I'm skeptical. It sounds a bit Freudian/Christian. Original sin and what have you. I must be getting soft...

Baudrillard related this idea in Simulacra and Simulations...

"To dissimulate is to pretend not to have what one has. To simulate is to feign to have what one doesn't have. One implies a presence, the other an absence. But it is more complicated than that because simulating is not pretending: "Whoever fakes an illness can simply stay in bed and make everyone believe he is ill.
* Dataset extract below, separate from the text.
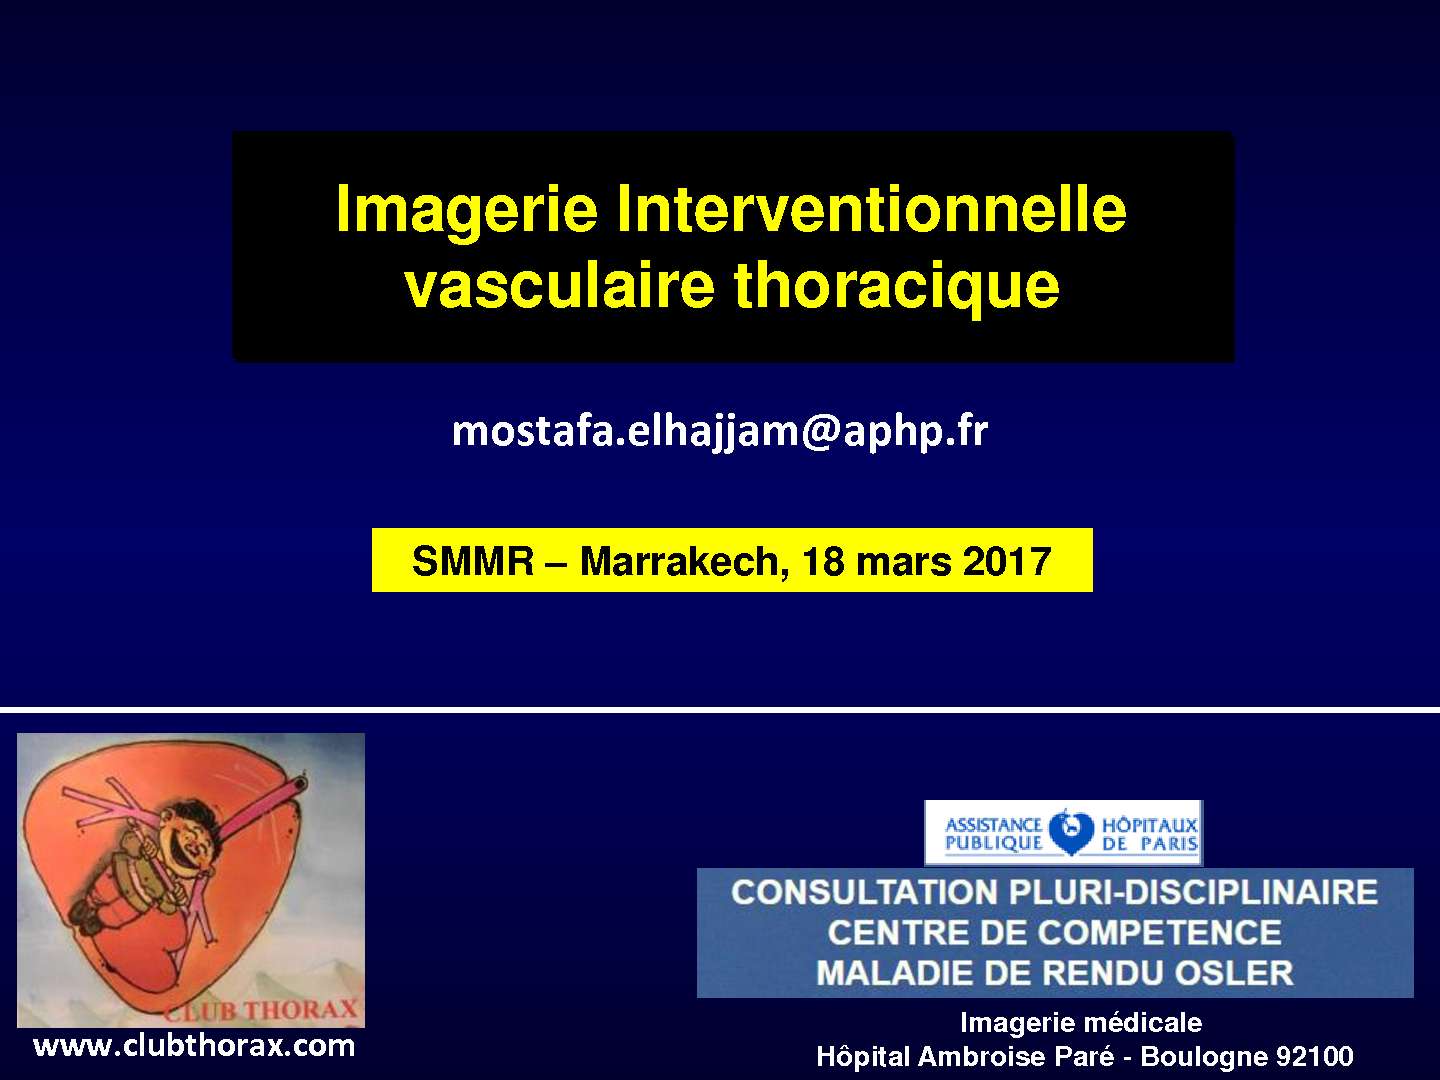 Radiologie interventionnelle dans la pathologie Vasculaire. M. El HAJJAM (Paris)

Whoever simulates an illness produces in himself some of the symptoms" (Littré). Therefore, pretending, or dissimulating, leaves the principle of reality intact: the difference is always clear, it is simply masked, whereas simulation threatens the difference between the "true" and the "false," the "real" and the "imaginary." Is the simulator sick or not, given that he produces "true" symptoms? Objectively one cannot treat him as being either ill or not ill. Psychology and medicine stop at this point, forestalled by the illness's henceforth undiscoverable truth. For if any symptom can be "produced," and can no longer be taken as a fact of nature, then every illness can be considered as simulatable and simulated, and medicine loses its meaning since it only knows how to treat "real" illnesses according to their objective causes. Psychosomatics evolves in a dubious manner at the borders of the principle of illness. As to psychoanalysis, it transfers the symptom of the organic order to the unconscious order: the latter is new and taken for "real" more real than the other – but why would simulation be at the gates of the unconscious? Why couldn't the "work" of the unconscious be "produced" in the same way as any old symptom of classical medicine? Dreams already are."